Detroit Arena's Revival Points a Way for City

Posted on April 24, 2012

Car dealers were so disgusted three years ago with cronyism at the convention center that they threatened to pull the North American International Auto Show out of the Motor City, but those days are in the rearview mirror now.

The Cobo Center is undergoing a $279 million makeover that officials say will position it to hold almost any of the world’s largest conventions. The auto dealers have signed on for five more years, and even the American Society of Association Executives, the people who help decide where conventions are held, has booked the center in 2015.

The turnaround is largely the result of a state intervention in 2009 that put city-owned Cobo in the hands of a regional authority charged with stabilizing its finances and rooting out corruption. As Detroit itself heads into a state-enforced restructuring under the oversight of a financial-advisory board, the Cobo authority offers a rare example of what can happen when the city collaborates with regional and state officials to address longstanding challenges.

“I think the biggest lesson is that it can happen here,” said Waymon Guillebeaux, a member of the Cobo authority and executive vice president of the quasigovernmental Detroit Economic Growth Corp. “You can get five people from very different backgrounds to work together if they come to the same conclusion that we want to be successful and that we’re going to put our business acumen first.”

To be sure, the convention center’s financial challenges pale next to the fiscal crisis gripping Detroit. Under the weight of a $265 million deficit, an estimated $13.2 billion in long-term liabilities and no infusion of cash from the state on the horizon, it will be a tough road to recovery for a city that lost one-quarter of its population between 2000 and 2010.

On Monday, Detroit Mayor Dave Bing proposed cutting 2,500 municipal jobs and merging or privatizing several city departments to help save more than $200 million.

Cobo, named after former Mayor Albert Cobo, was long a troubled asset for Detroit. Less than one-third of its 700,000 square feet of exhibit space was used for many years. It tied for last place in hosting national conventions and trade shows among similarly sized centers, according to a 2010 report from Conventions, Sports & Leisure, a consulting firm.

A big drawback: widespread corruption that inflated exhibitors’ costs. Two successive Cobo directors were sent to federal prison in 2009 for taking bribes from a contractor who provided electrical, janitorial, catering and retail services. Patrons and exhibitors also complained of Cobo’s poor food, parking hassles and inefficient loading docks.

While the typical convention center the size of Cobo brought in annual revenue of more than $22 a square foot of capacity, Cobo drew less than $5, according to a 2010 study prepared for the Cobo authority. The city propped it up with as much as $13.8 million in annual subsidies.

By 2009, the hall’s showcase tenant, the Detroit Auto Dealers Association, was threatening to move its annual auto show to the suburbs.

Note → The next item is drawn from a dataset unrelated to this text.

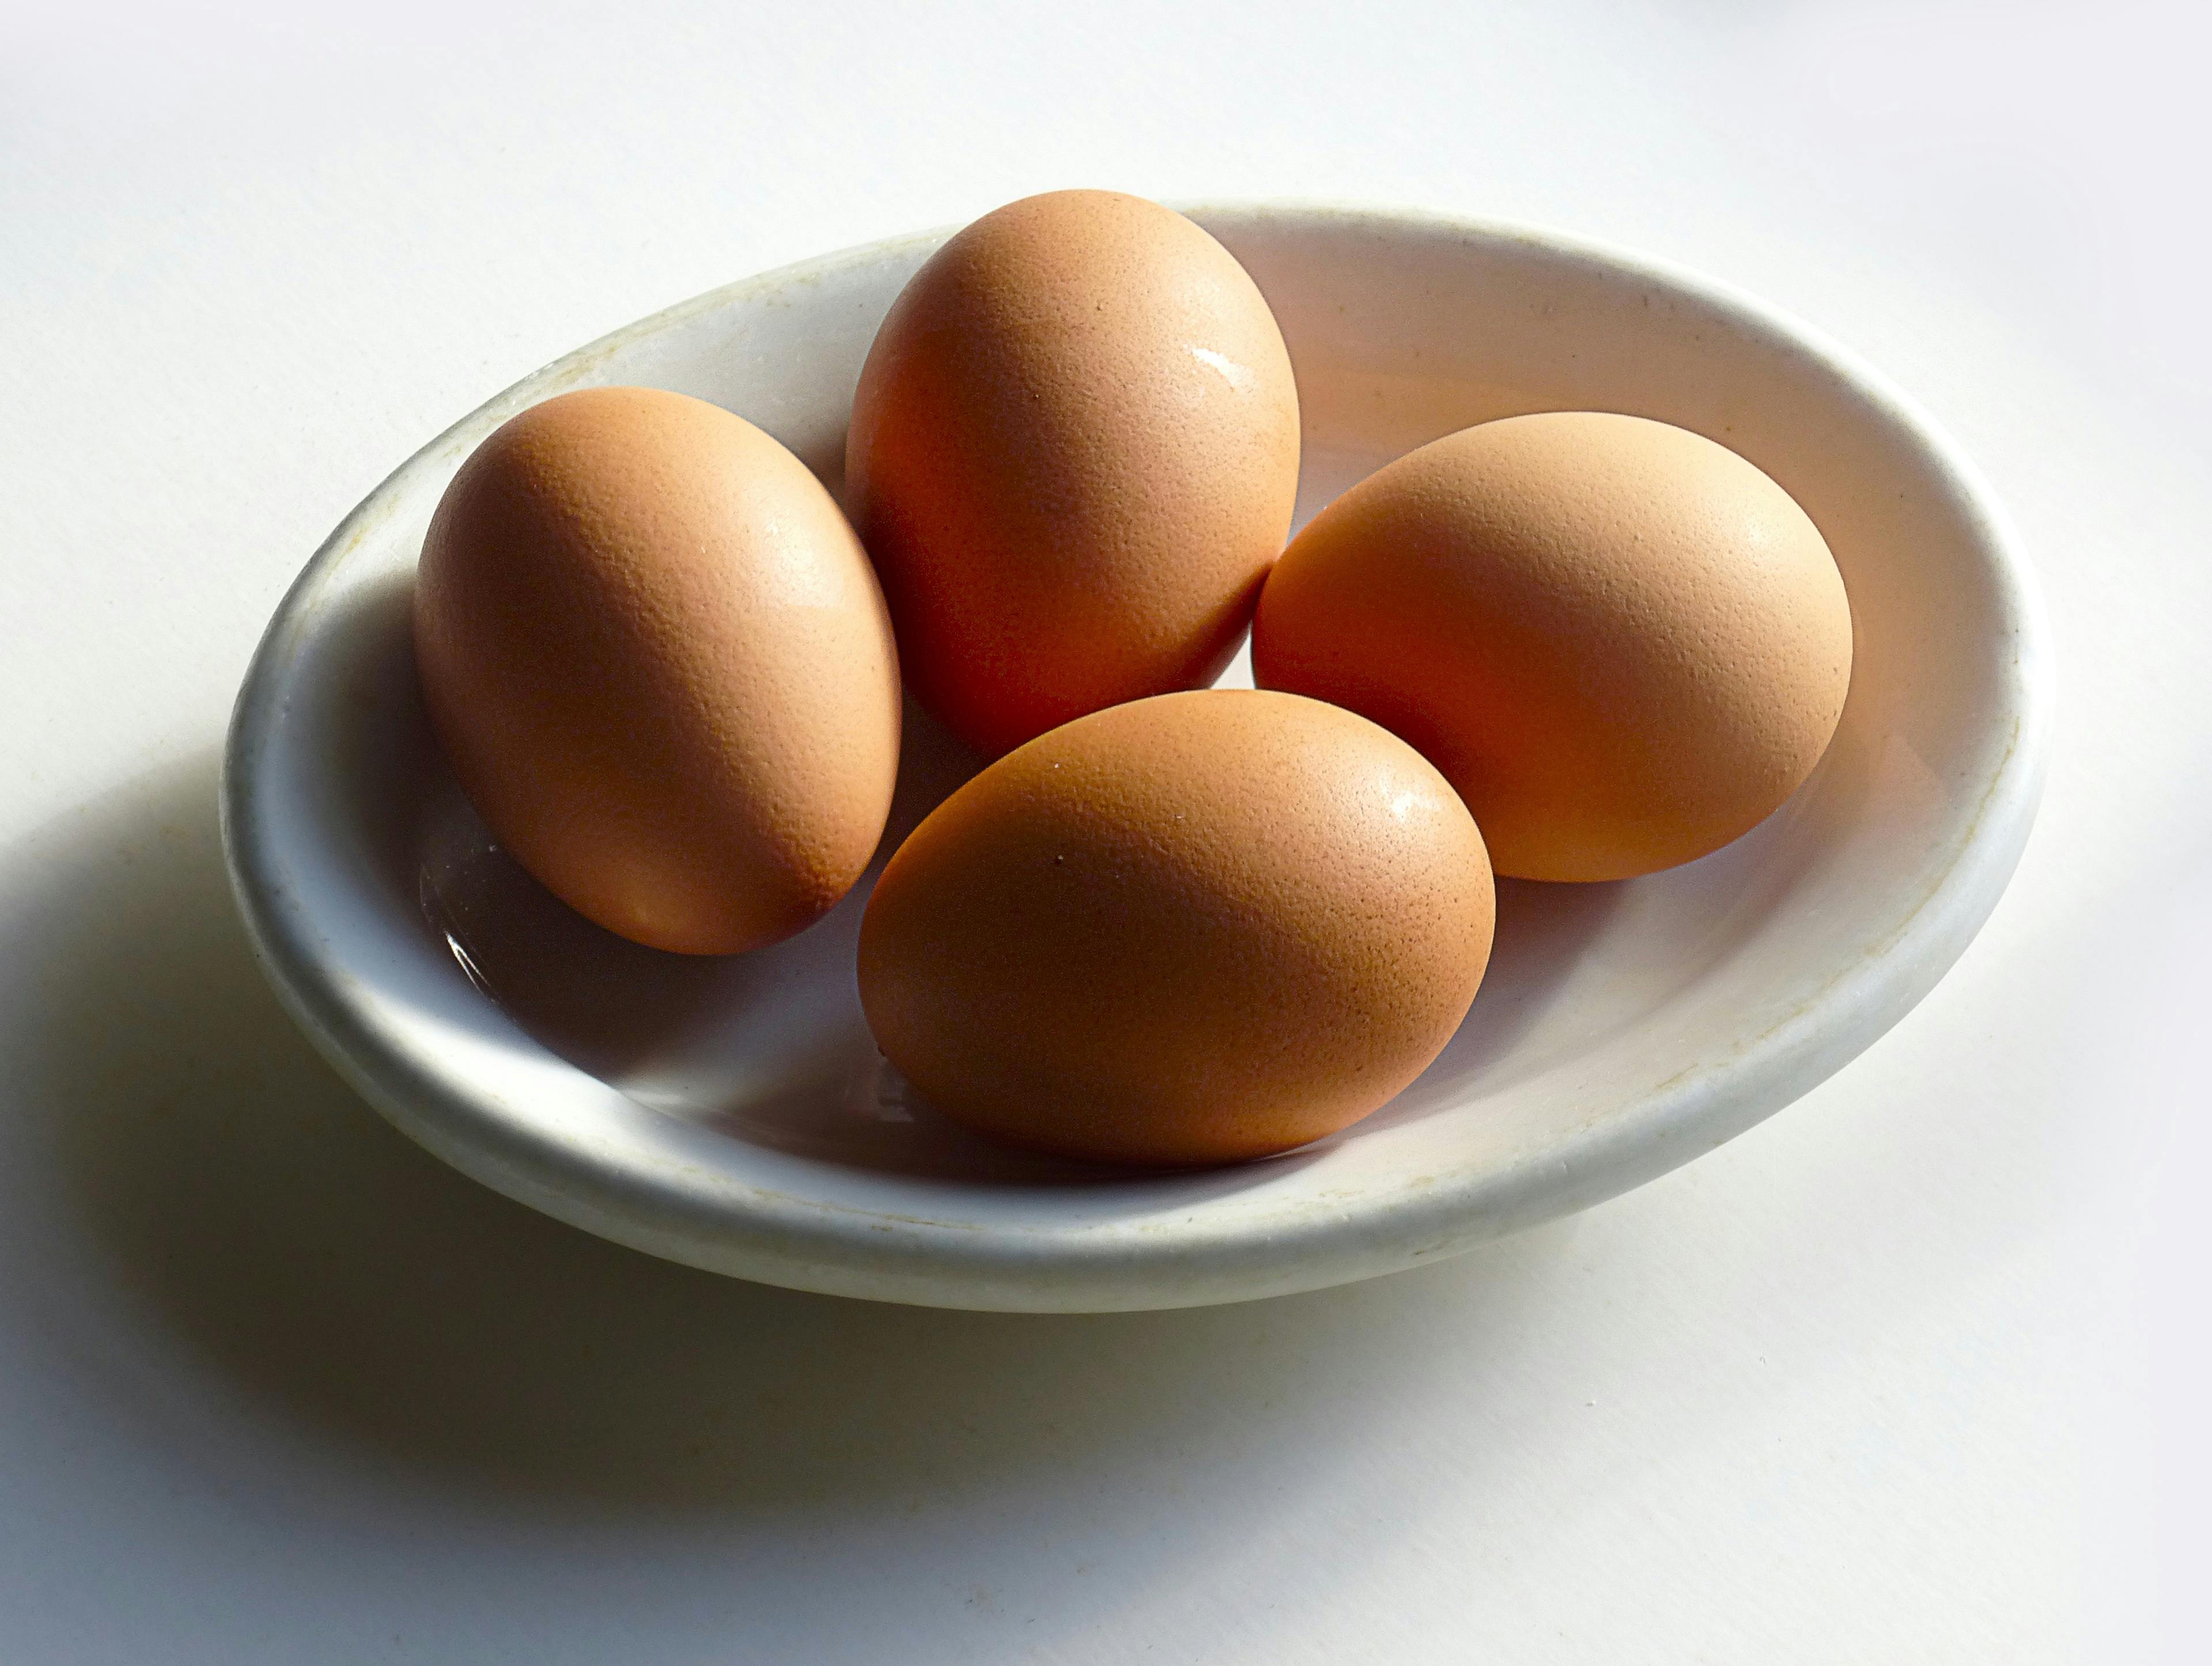 Kostenloses Foto zum Thema: eier, essen, lebensmittel

The city could ill-afford to lose the $350 million in economic activity generated by the show; yet neither could it afford the updates the dealers were demanding.

When the state suggested transferring control of Cobo to a regional authority to tap a broader pool of funds, some city council members resisted, worried that a key asset would be surrendered to outsiders. Similar protests dominated the city in recent weeks as the council debated a power-sharing agreement with the state to help stabilize Detroit’s finances.

Ultimately, the mayor pushed through a deal with the state and the counties that would fund Cobo’s operations and renovation with new bonds and a combination of state and local liquor, hotel and tobacco taxes. The city got $20 million in cash but retained ownership of Cobo.

Even then, skeptics said the new authority would never work because its governing structure required unanimous votes by its five members, who are appointed by Detroit’s mayor, Michigan’s governor and the heads of three area counties, respectively.

But authority members say their working relationship has been collaborative. Brooks Patterson, chief executive of Oakland County—who once pushed to host the auto show in his county north of Detroit—says a board governed by unanimity has been essential to the progress so far. “There are no more friends-and-family contracts, no more nepotism,” he said.

The authority hired a professional management company that reduced costs and signed up a new food vendor. Last year, auditors reported Cobo’s operating revenue doubled, while state and federal subsidies declined 37%.

So far, Cobo’s renovation, due to finish in 2014, is running on time and under budget. The project will add nearly 125,000 square feet of convention space and convert the attached sports arena, where Mr. Bing, the mayor, once played professional basketball, into a ballroom overlooking the Detroit River.

Enormous challenges remain. A big chunk of Cobo’s subsidies are set to expire in coming years, and it still hasn’t attracted enough new business to make up the difference. Experts also warn that the auto show could limit Detroit’s ability to attract other conventions, because it blocks the calendar for about three months a year for the dealers to set up and dismantle the show.

Still, local leaders are optimistic. “It’s going to be a showpiece for the city of Detroit,” Deputy Mayor Kirk Lewis said. “It’s also going to allow us to get back to the core functions of the city to improve services for residents and visitors alike.”